#### Data shown ####
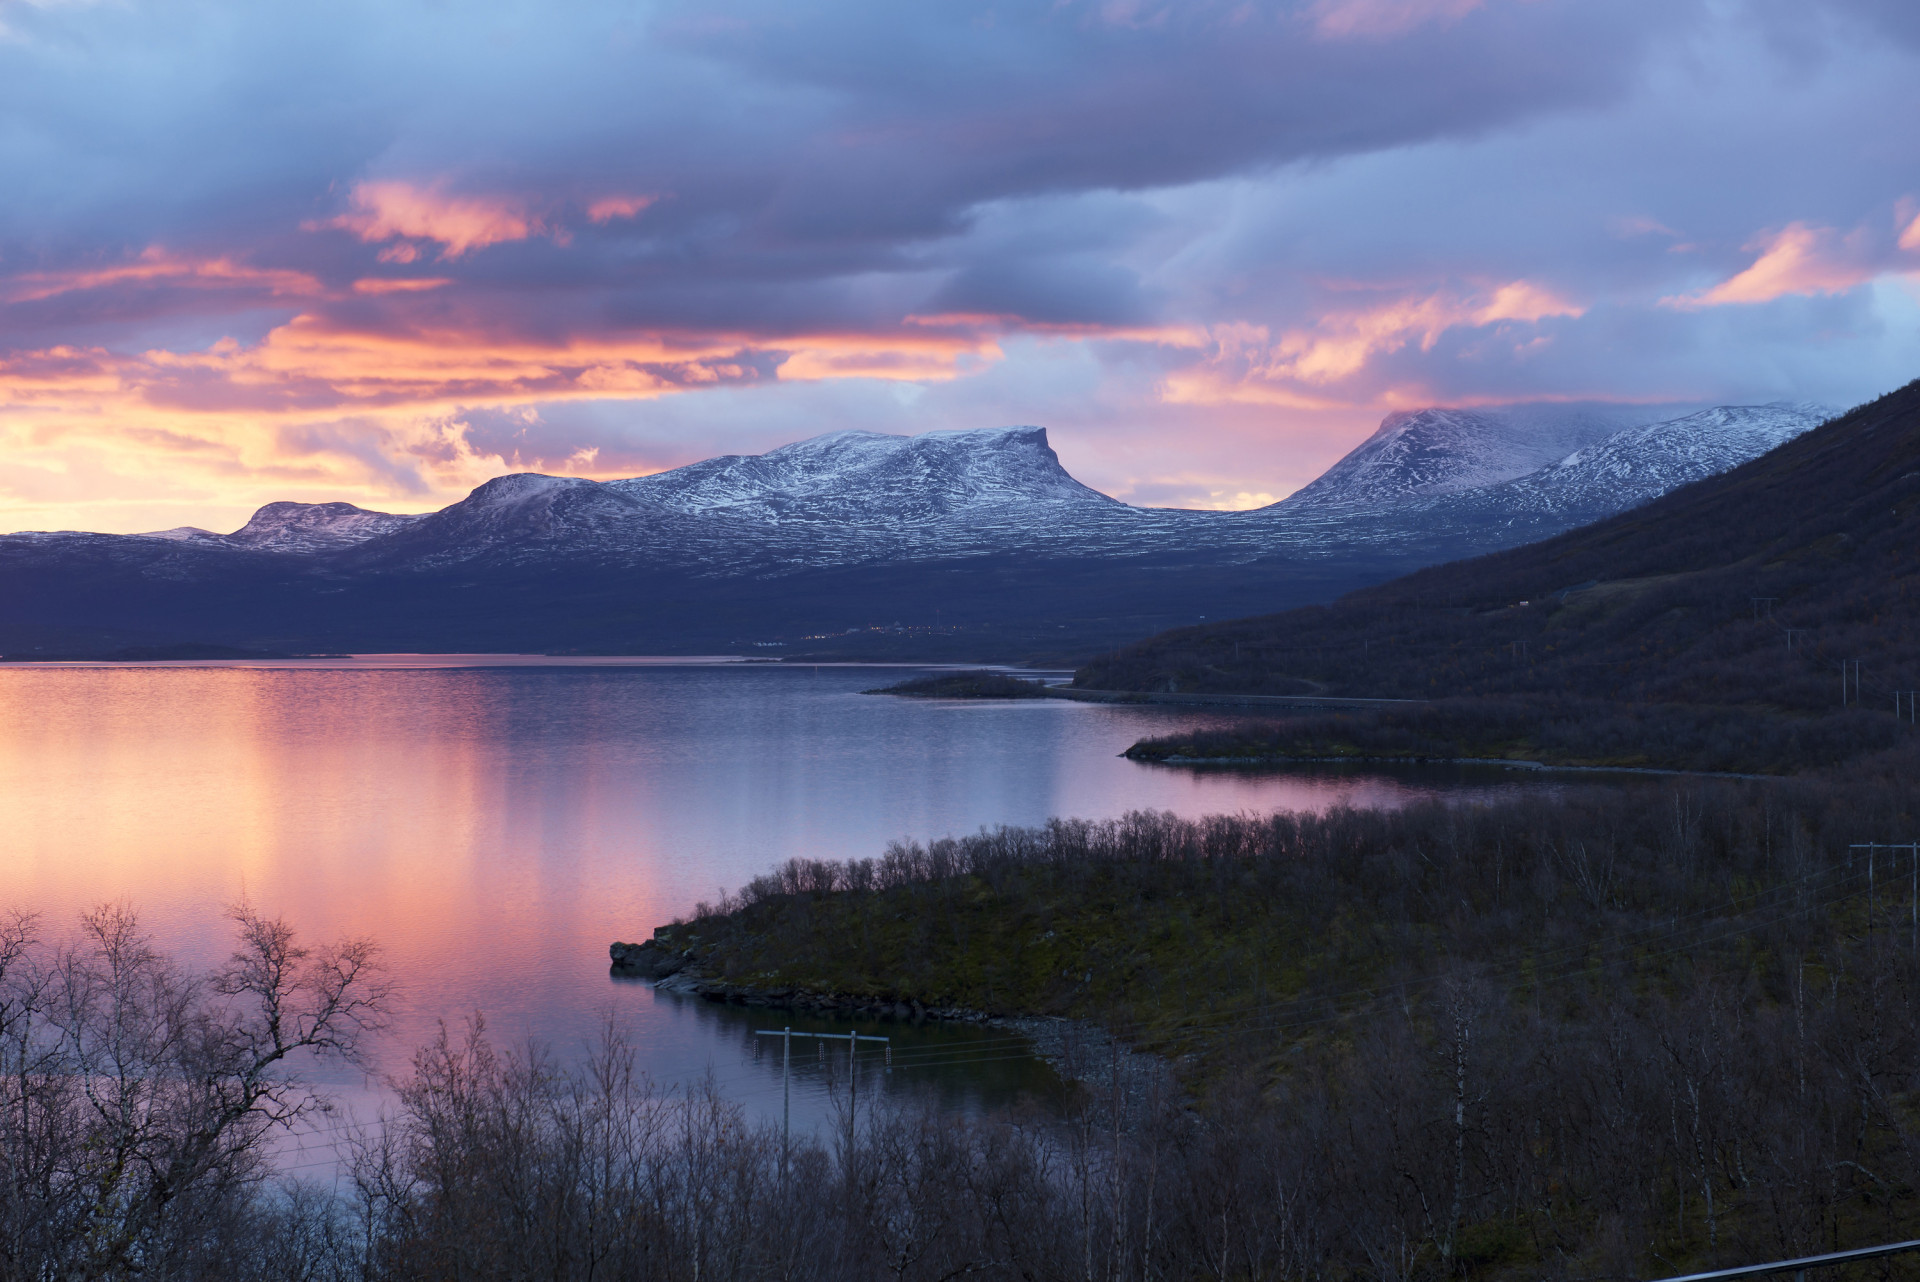 Parmi tous les fjords norvégiens, le Geirangerfjord, avec ses 15 km de long, est l'un des plus impressionnants.<p>Tu pourrais aussi aimer:<a href="https://www.starsinsider.com/n/417988?utm_source=msn.com&utm_medium=display&utm_campaign=referral_description&utm_content=164633v1"> Ces vallées vont vous couper le souffle</a></p>
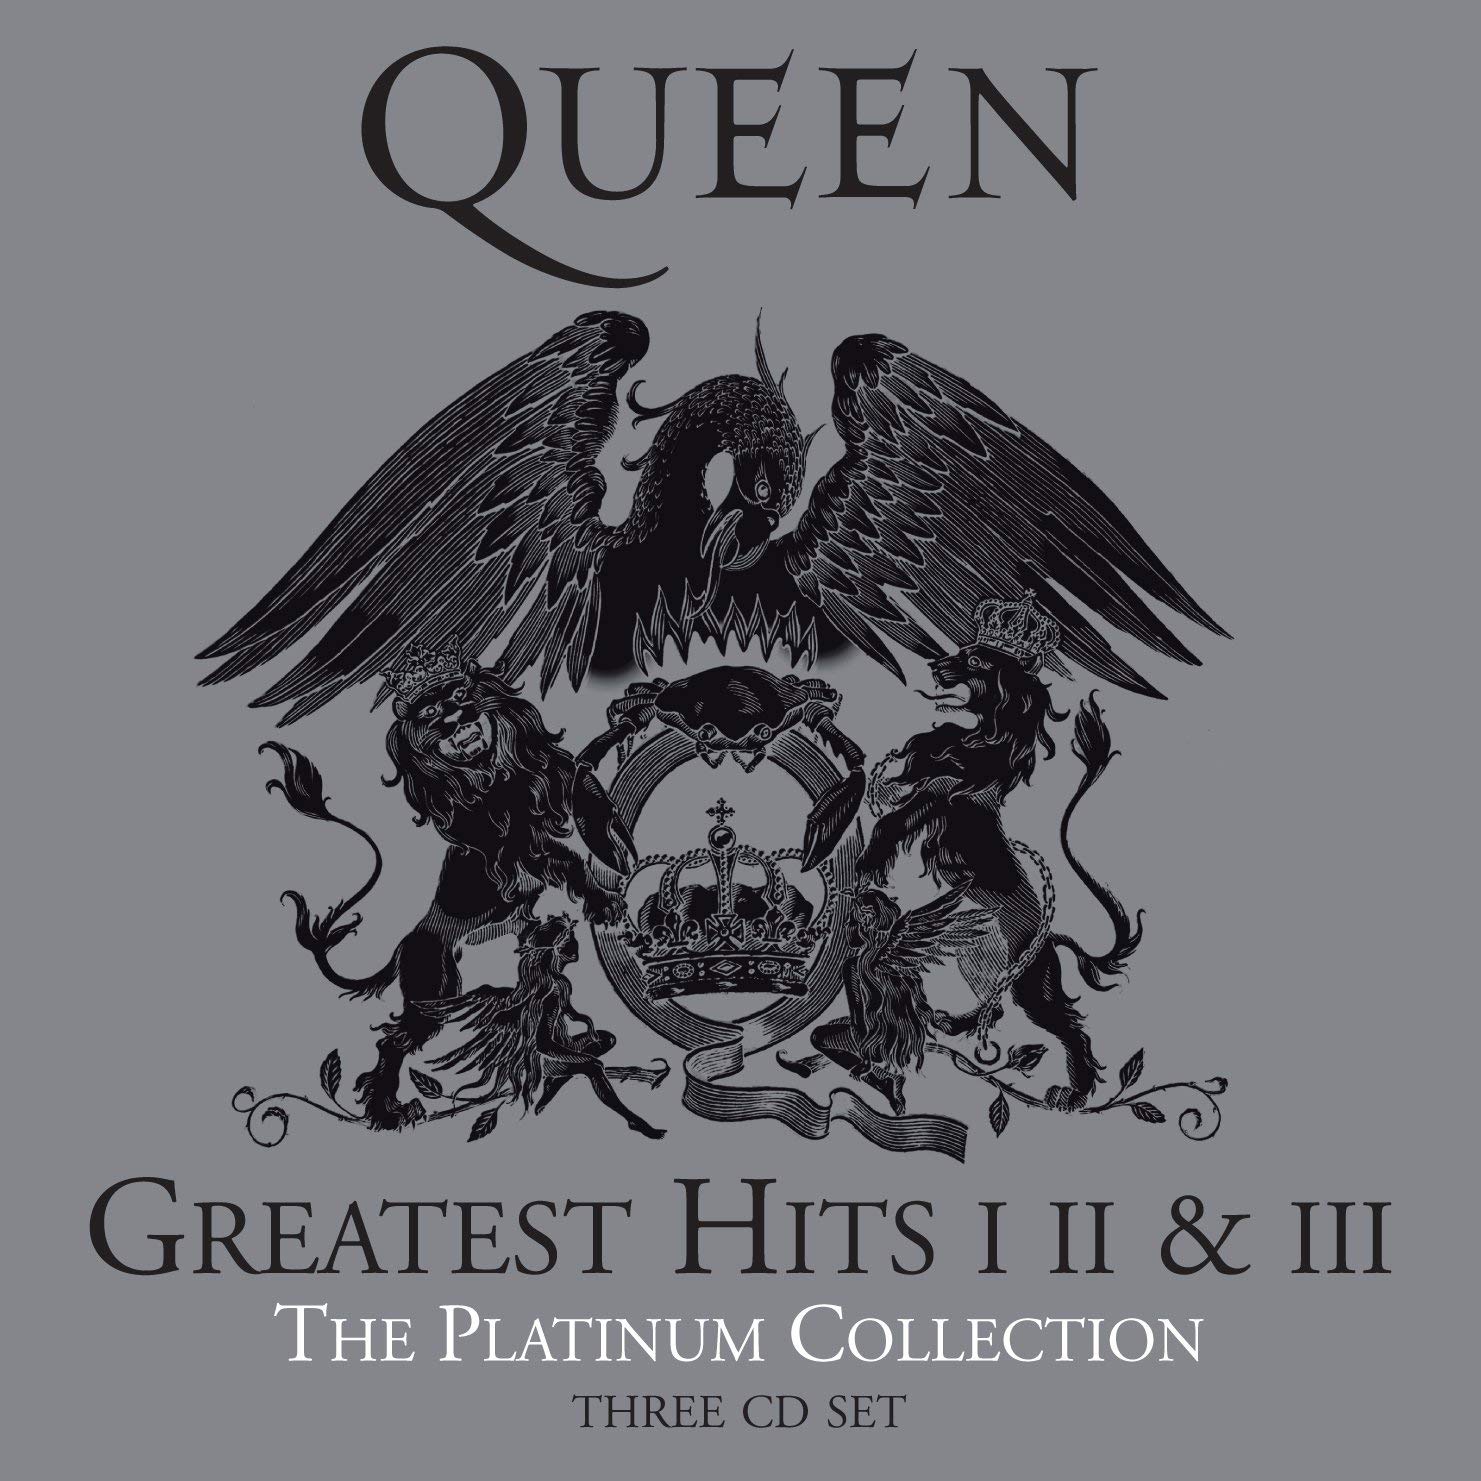 Foto da capa do álbum The Platinum Collection da banda Queen
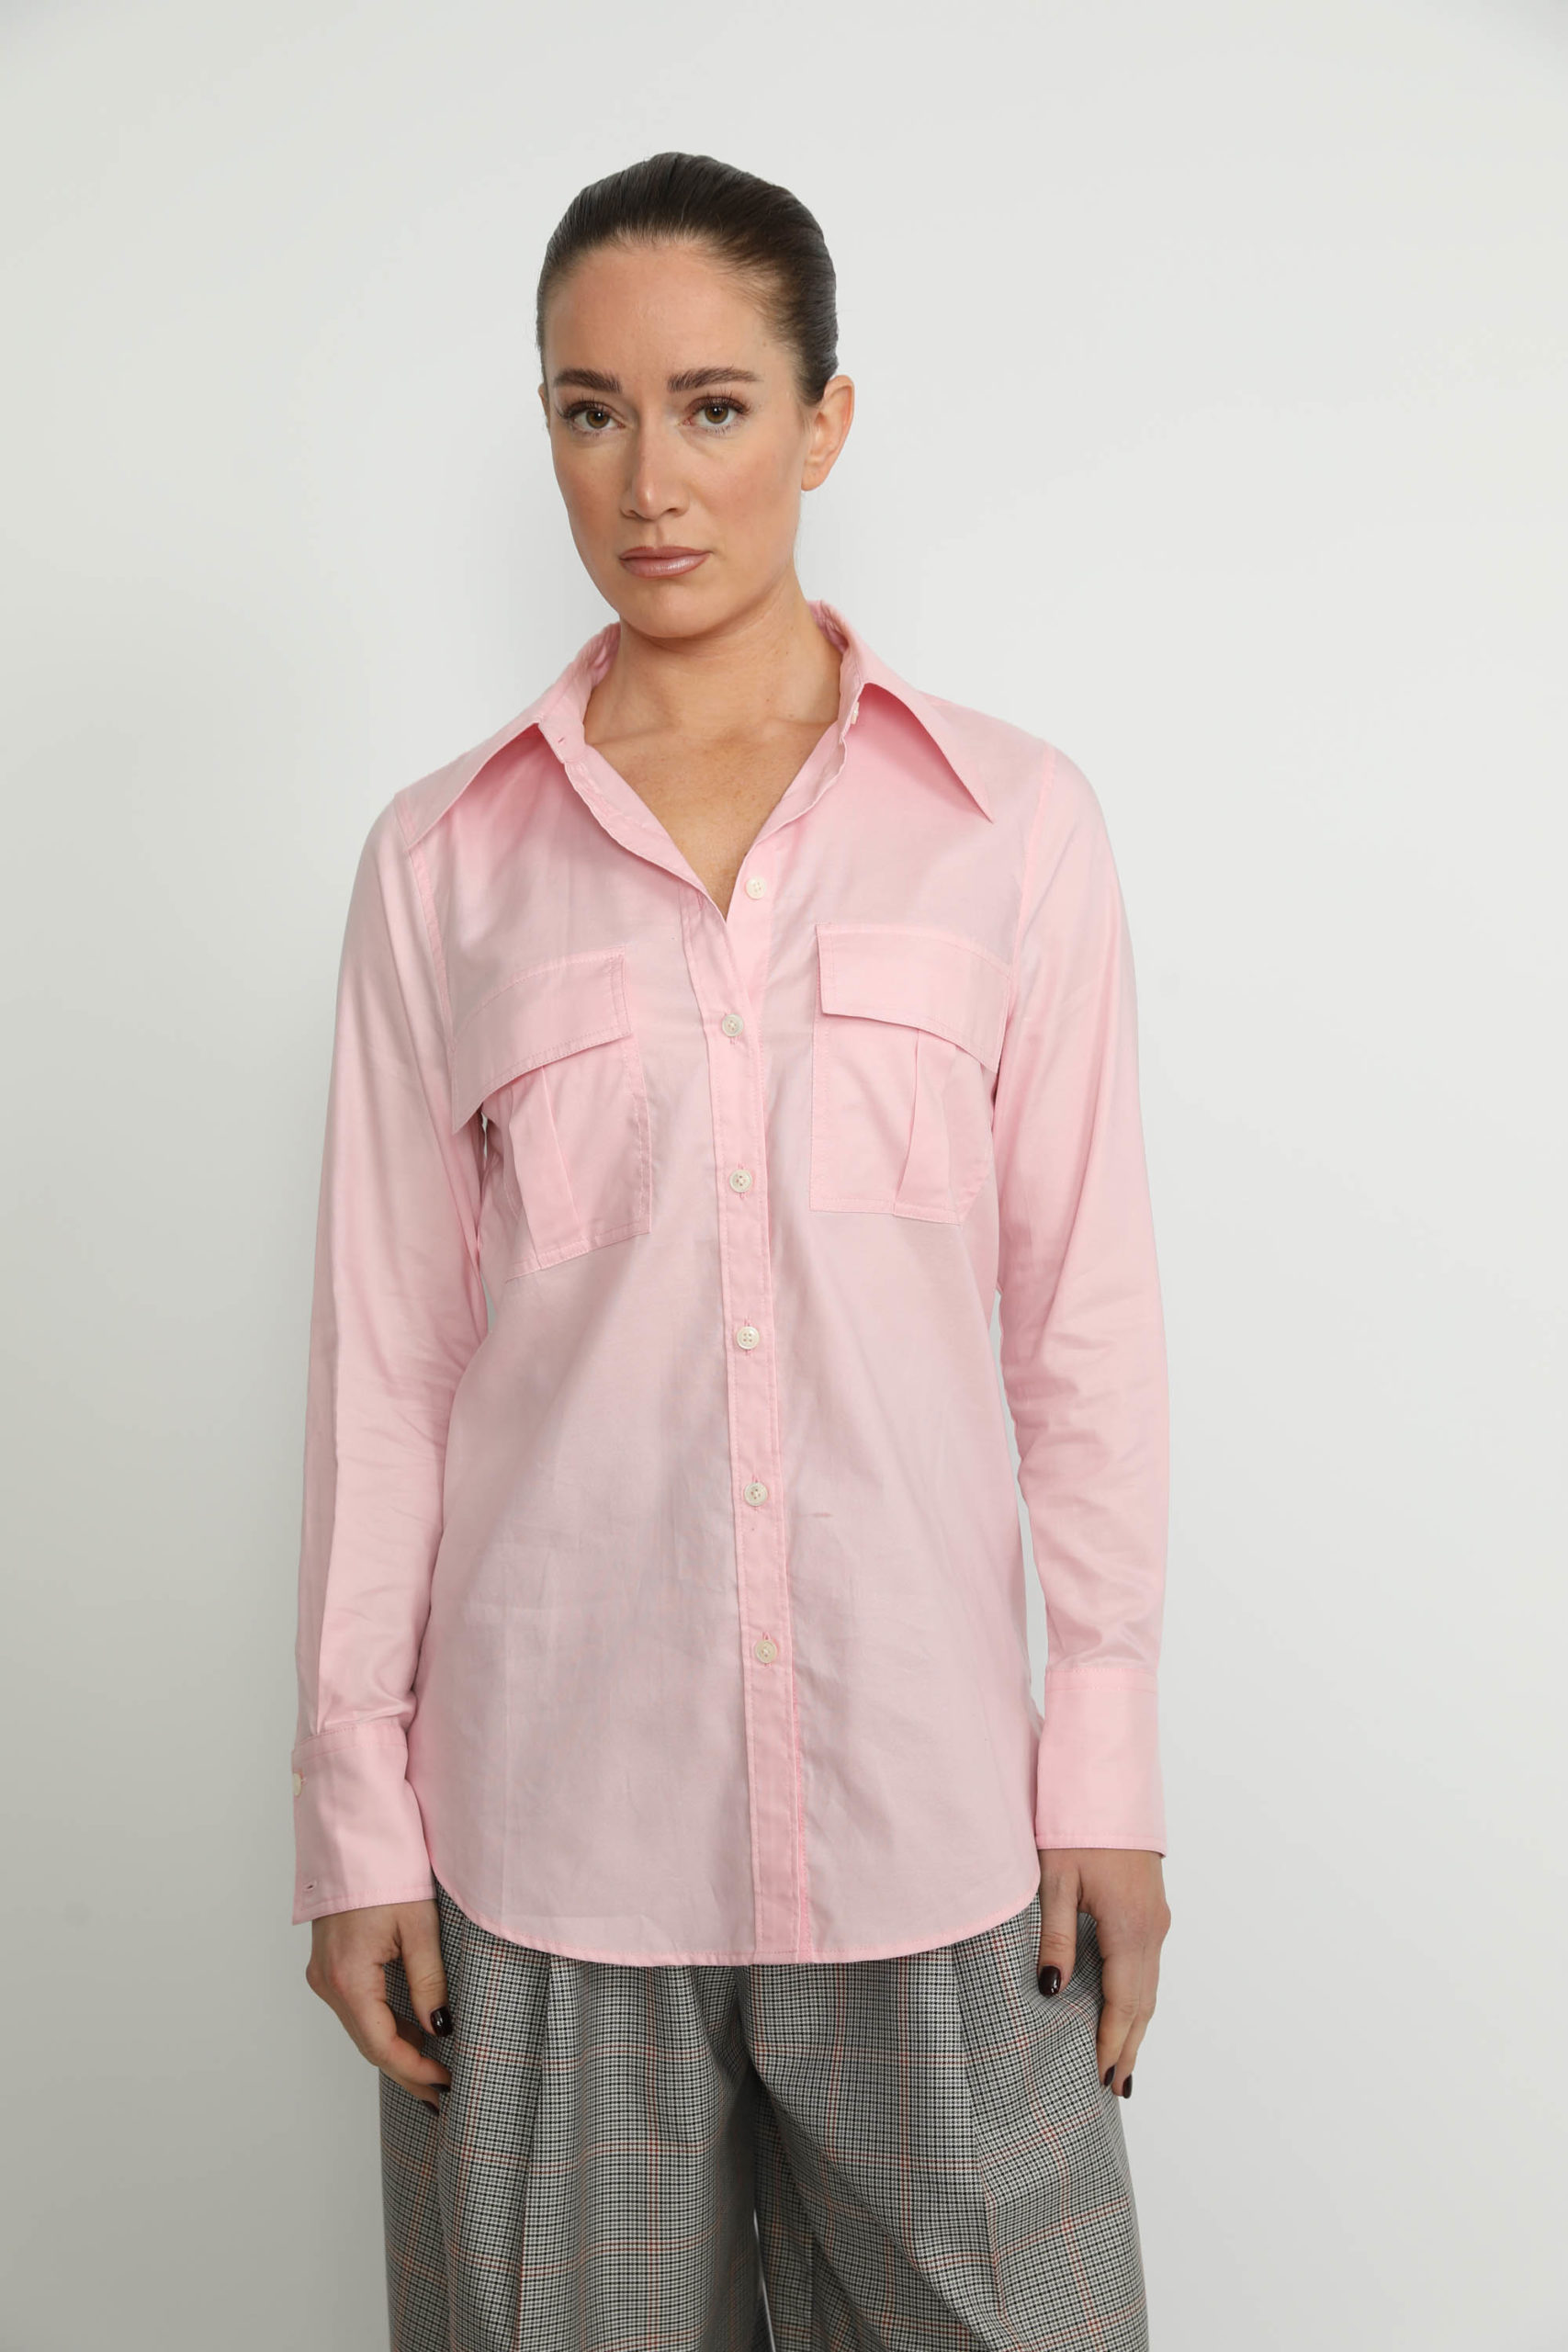 Metz Shirt – Metz Pink Shirt
####
What the exercise asks:
For this exercise, transcribe the data above line by line, exactly, with pictures omitted.

Exercise response:
 Parmi tous les fjords norvégiens, le Geirangerfjord, avec ses 15 km de long, est l'un des plus impressionnants.<p>Tu pourrais aussi aimer:<a href="https://www.starsinsider.com/n/417988?utm_source=msn.com&utm_medium=display&utm_campaign=referral_description&utm_content=164633v1"> Ces vallées vont vous couper le souffle</a></p>
 Foto da capa do álbum The Platinum Collection da banda Queen
 Metz Shirt – Metz Pink Shirt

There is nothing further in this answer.